Korobi picks up the phone on the first ring, thank heaven! She must have been sitting by the phone, waiting on his call. He pictures her running her fingers through those unruly curls he so loves, dead tired but forcing herself to stay awake because she can’t let another day pass without talking to him. The inky surge of anger inside him recedes. Its place is taken by fear and loneliness, and though he hadn’t intended to, he finds himself telling Cara everything that happened at the warehouse.

“Oh, Rajat! That’s a horrifying load to be thrust upon you!”

He relaxes a little. Her sympathy is like fresh air blowing down a mine shaft. But then she adds, “I hope you can get in touch with Papa quickly and get some advice.”

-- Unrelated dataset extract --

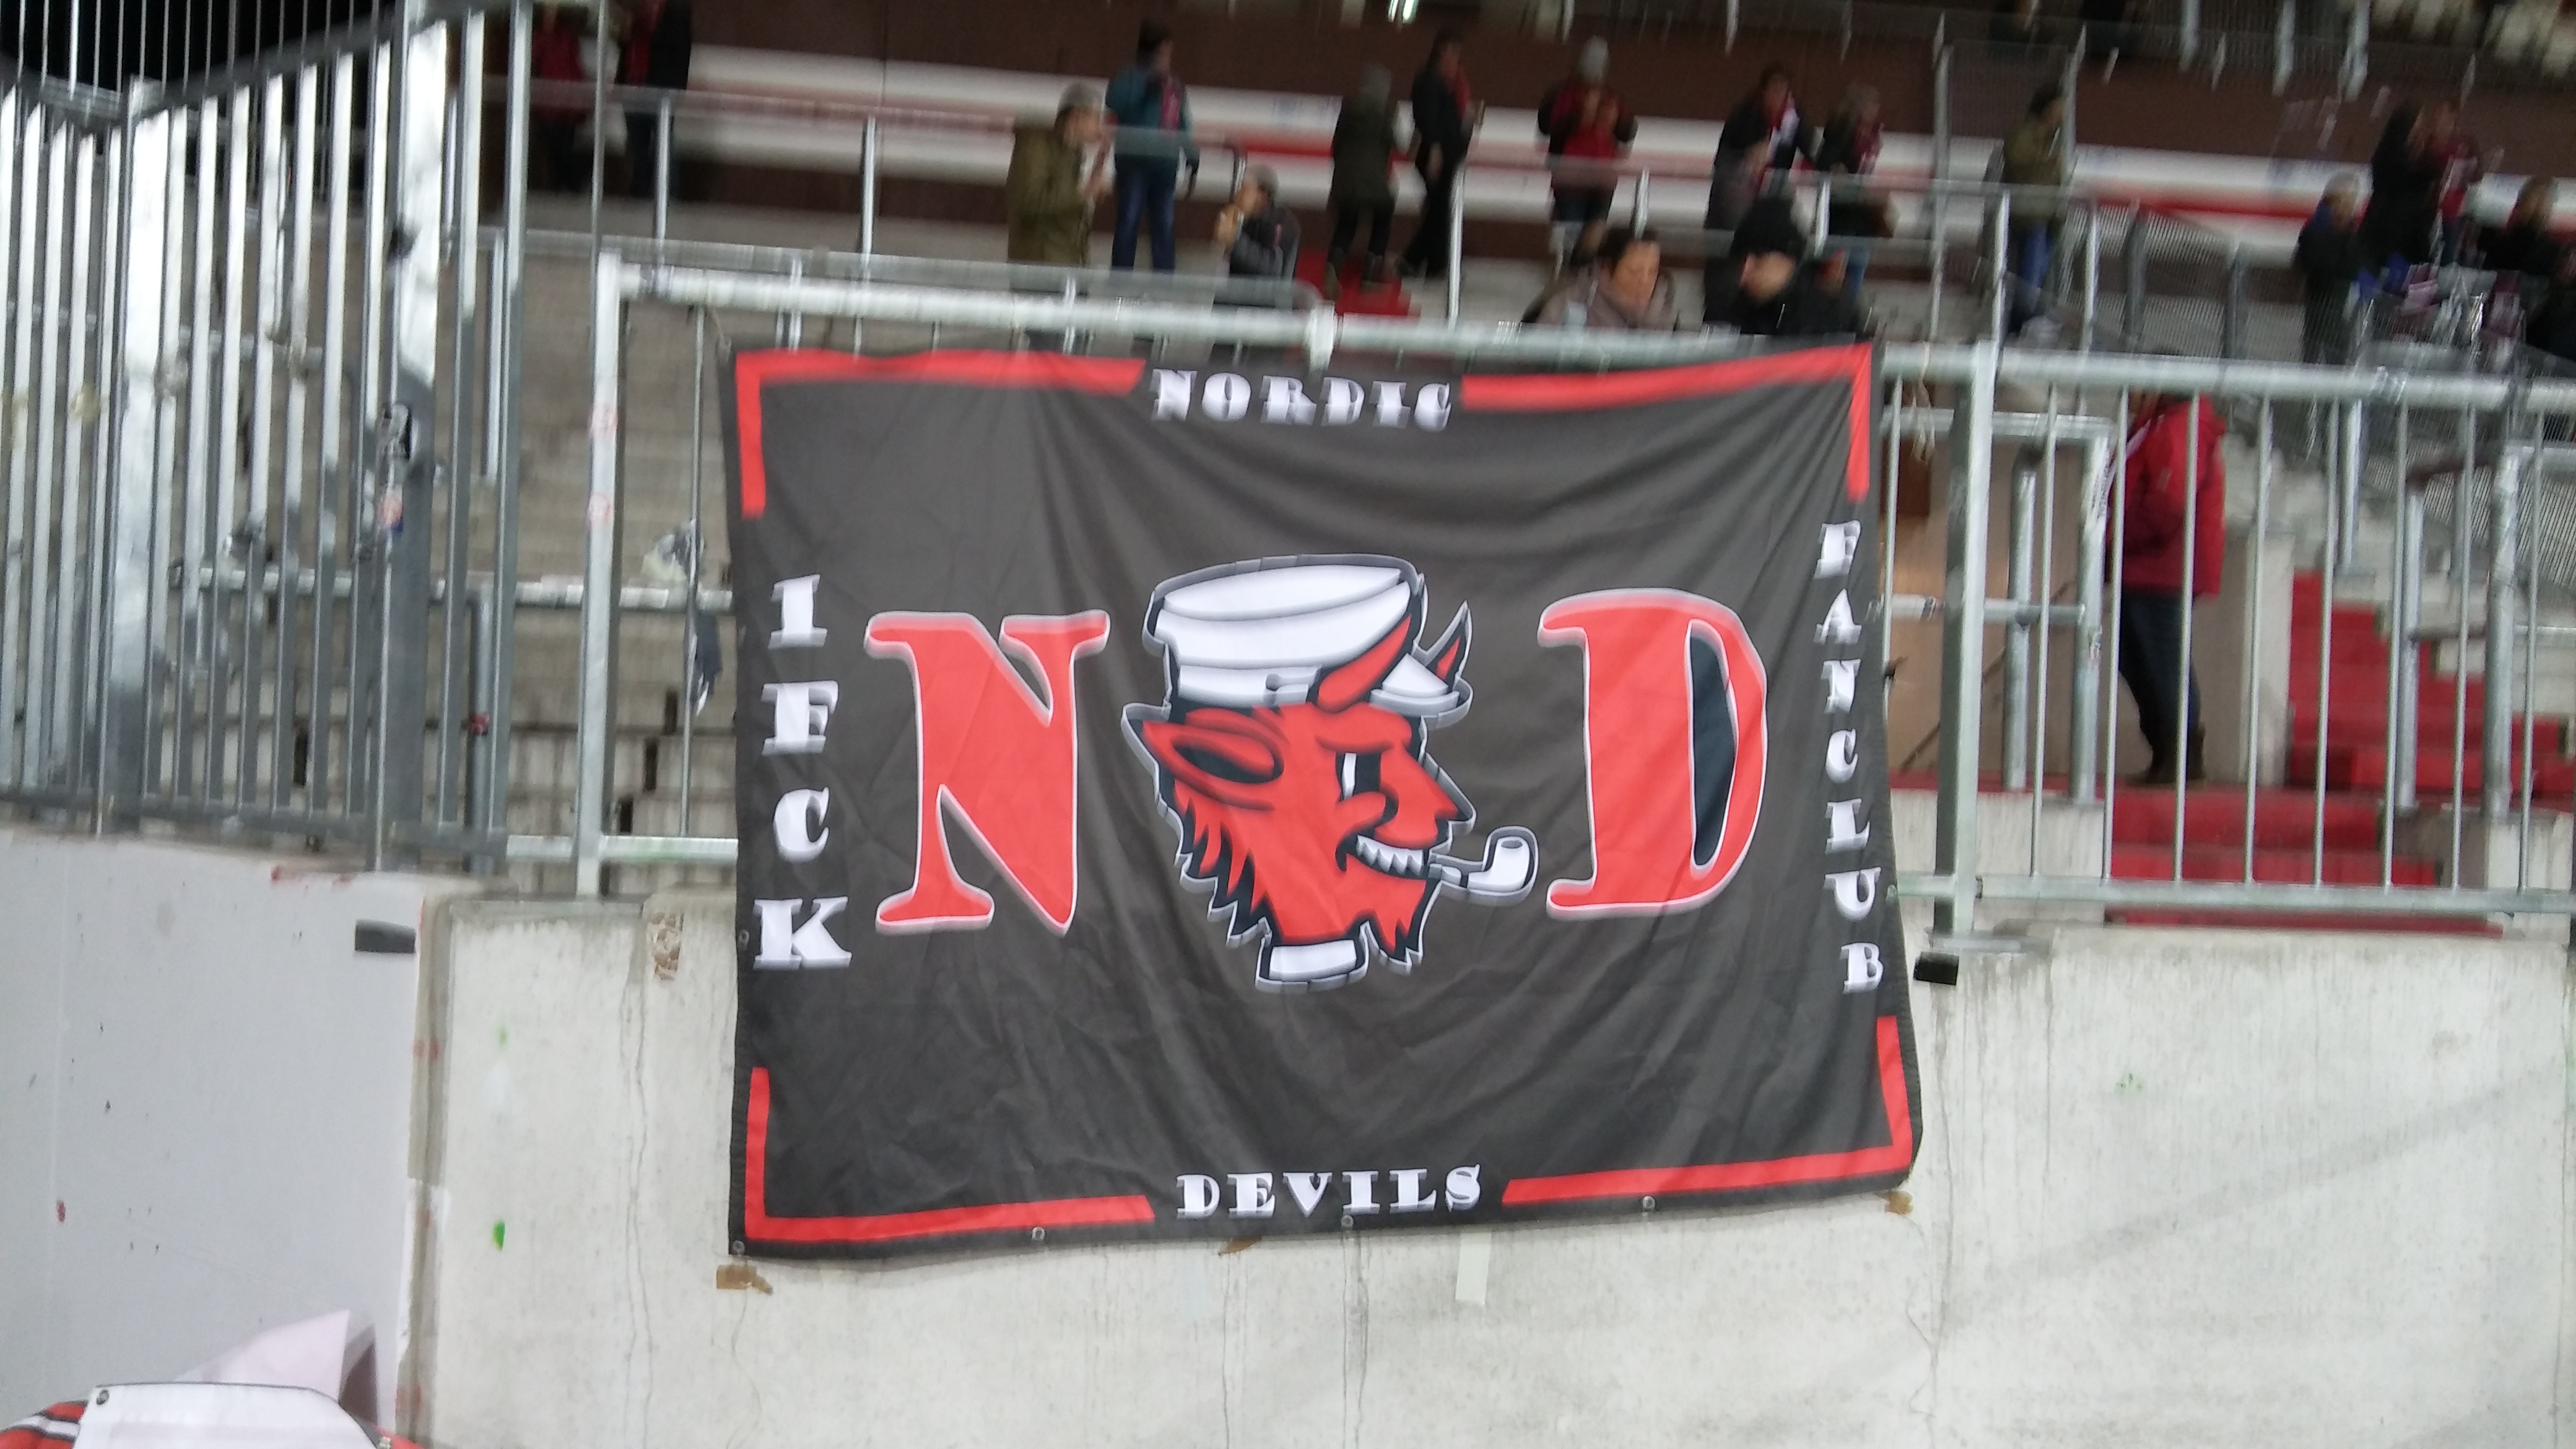 Nordic Devils Fanclub

Does she, too, doubt his ability? Angrily, he notices that her voice, far and muted, is not as distressed as he would like. And was that a yawn? Their worlds have split apart already, she in a land of night while he is in daytime, each unable to truly gauge the other’s suffering heart. He is reminded of an eerie tale out of his childhood, a prince and a princess who were kept captive in an enchanted palace. The curse laid on them was that whenever one was awake, the other would be asleep. Although they fell in love gazing at each other, they could never convey how they felt, nor understand what the other was going through. That story had a happy ending, thanks to a pair of matchmaking genies. But where are the genies that will travel the dusty distance that stretches between Rajat and Cara?